La Playa

Dos amantes, una playa, la luna...

Fue sublime, dulce, bello… me sentí tan llena de ti que lloré de alegría, de saberme viva y deseada.

Me abrazaste algo sorprendido por mi reacción. Atrapaste entre tus manos mi cara agarrándome por las mejillas y mientras me besabas la frente, tus pulgares recorrían la comisura de mis labios, suavemente, como allanando el camino que mas tarde recorrerían tus besos.

Recuerdo que temblaba. Ese temblor propio del frío de la noche en mi cuerpo mojado, y el de sentir aún entre mis muslos, dentro de mí, los últimos espasmos de la agonía de nuestro placer.

Permanecimos un rato sentados sobre la arena, en la orilla, dejando que las olas nos bañaran una y mil veces rompiendo en nuestros cuerpos abrazados.

Me tocabas con la misma timidez con la que me mirabas cuando bajamos a la playa. Sobre mis hombros dibujaste nubes imaginarias, lunas sobre mi vientre y un sol en cada uno de mis pechos que nuevamente se estremecían marmoreando mis pezones al sentir el lápiz de tus dedos.

Me mirabas silencioso, pero tus ojos decían tantas cosas… No nos hacían falta palabras, nuestros cuerpos hablaban por si mismos. Estirabas tu espalda, dejando que mis manos se desplegaran por el mapa de tu pecho. Te sentía contener la respiración y mientras tus pupilas brillaban, resoplabas y gemías. Mordías tus labios disimuladamente cuando mis dedos cosquilleaban las palmas de tus manos, como una brisa.

Sentía tus manos en mis muslos, serpenteando hasta mis nalgas, que de vez en cuando y llevado por la excitación agarrabas con fuerza.

Más suspiros, más sonrisas, más miradas desbordantes de complicidad. Cuanta dicha en una sola noche. Tú, yo, la playa y las estrellas

De nuevo volví a sentir la plenitud de tu hombría que se abría paso entre mis piernas y abriendo mis muslos suavemente, dejé sitio entre ellos para verla florecer.

Me apretabas contra ti buscando mi boca, jugueteaban nuestras lenguas y una vez más sentí la necesidad de cubrir tu miembro con mis manos.

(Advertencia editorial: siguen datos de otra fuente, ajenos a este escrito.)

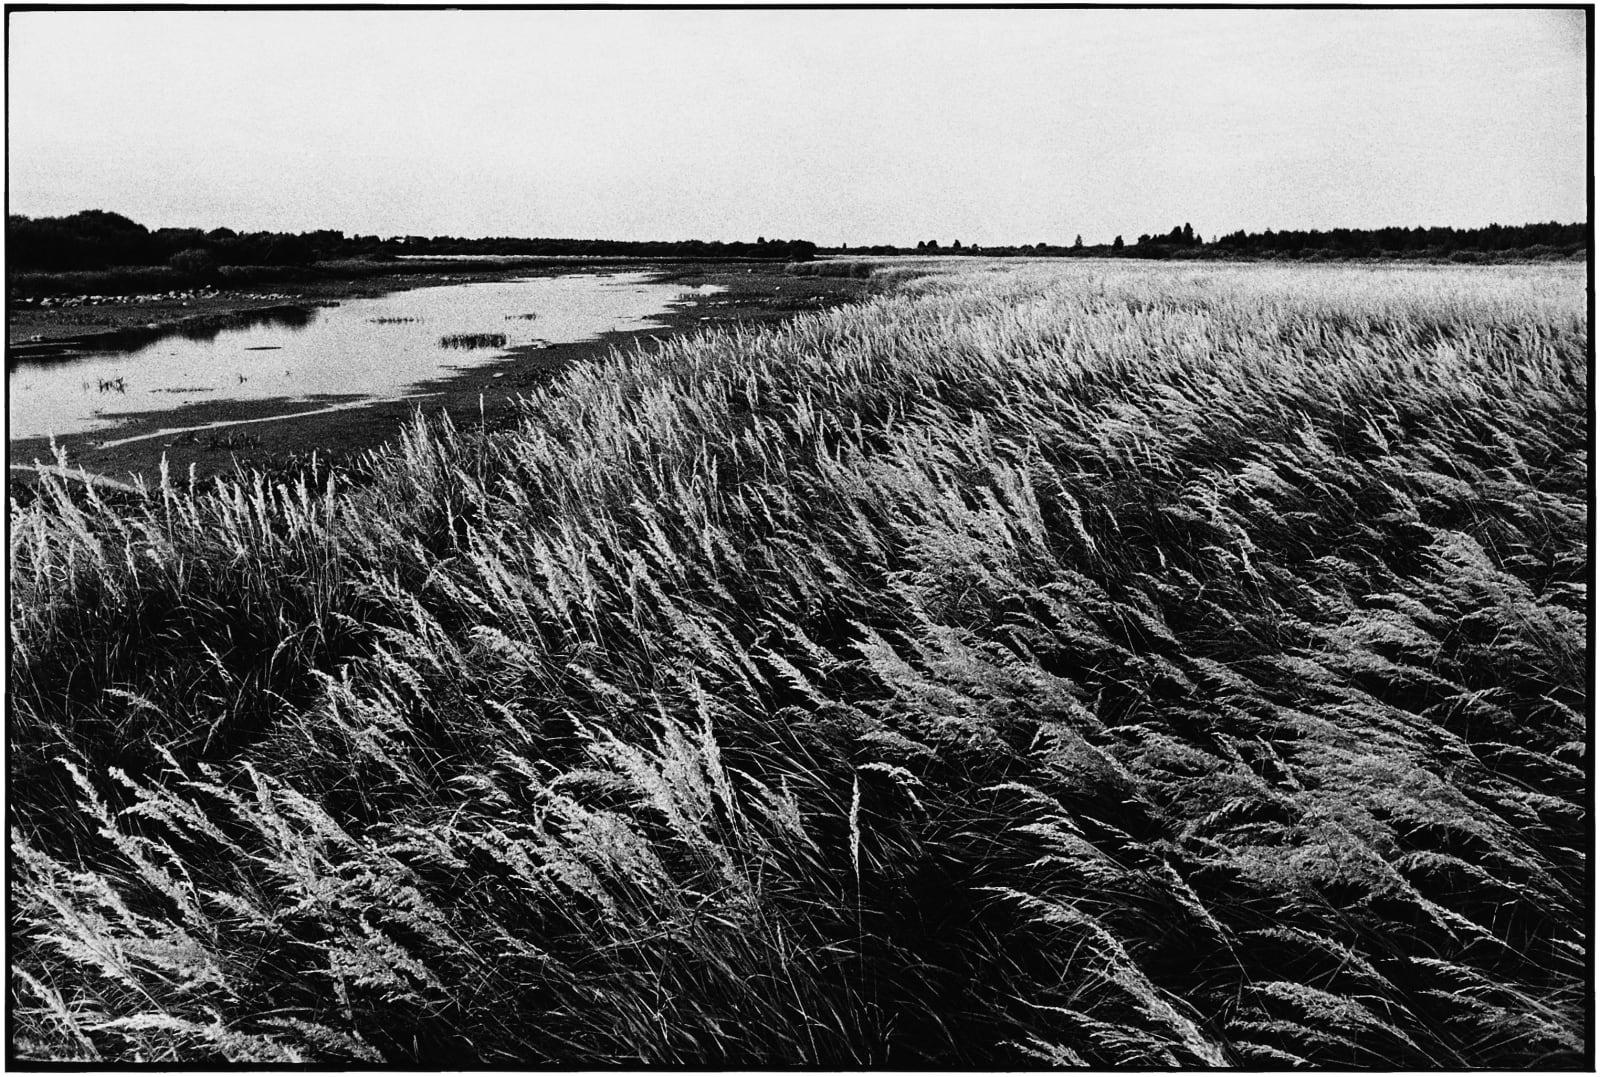 Janez Bogataj, Pastorala I/29, 1980

Ardías, me pareció tocar lava con mis manos que masajeaban tu sexo con mimo y fruición.

Mi boca se separó de tu boca y mis labios empezaron a recorrer tu barbilla, tu cuello, bajando hasta tu pecho. Entre dientes atrapaba tus pequeños pezones que golpeaba con la punta de mi lengua, respirando en ellos. Te sentí estremecer y como vencido, apoyaste tus manos sobre la arena, dejándote caer hacia detrás, exponiendo todo tu cuerpo al capricho de mis caricias.

Seguí bajando por tu pecho hasta llegar a tu vientre. Te entró la risa nerviosa al sentir la calidez de mis labios tan cerca de tu ombligo, y te encogías. Doblabas tus rodillas para a los pocos segundos estirar de nuevo tus piernas. Ya no sabías como ponerte. Tu incesante erección casi te obligaba a tumbarte, pero era como si no quisieras hacerlo, como si ansioso esperaras poder contemplar la dicha de ver tu verga guarecida en mi boca.

Parecía eterna la llegada de ese momento. Y cuando por fin mis labios recorrieron tu glande volviste a gemir. Un "me estás volviendo loco con este juego" se te escapó de los labios. Mojé los míos con mi propia saliva y poco a poco comencé a recorrer el tronco de tu sexo con ellos. Si antes pude llegar a sentir su calor entre mis manos, ahora lo sentía entre mis labios. Mi lengua se afanaba en recorrer tu glande mojado. Y lentamente, sin querer parecerte ansiosa, abrí mi boca y con la ayuda de una de mis manos, metí tu verga en ella y empecé a meterla y a sacarla, bañándola de jugos.

Saboreé tu placer y tu masculinidad que terminó derramándose por las comisuras de mis labios y una vez más volviste a besarme.

Bañémonos, dijiste

Me da miedo, respondí

Y te situaste detrás de mí, apoyando tu cabeza a la altura de uno de mis hombros y abrazándome, al oído me susurraste que me protegerías.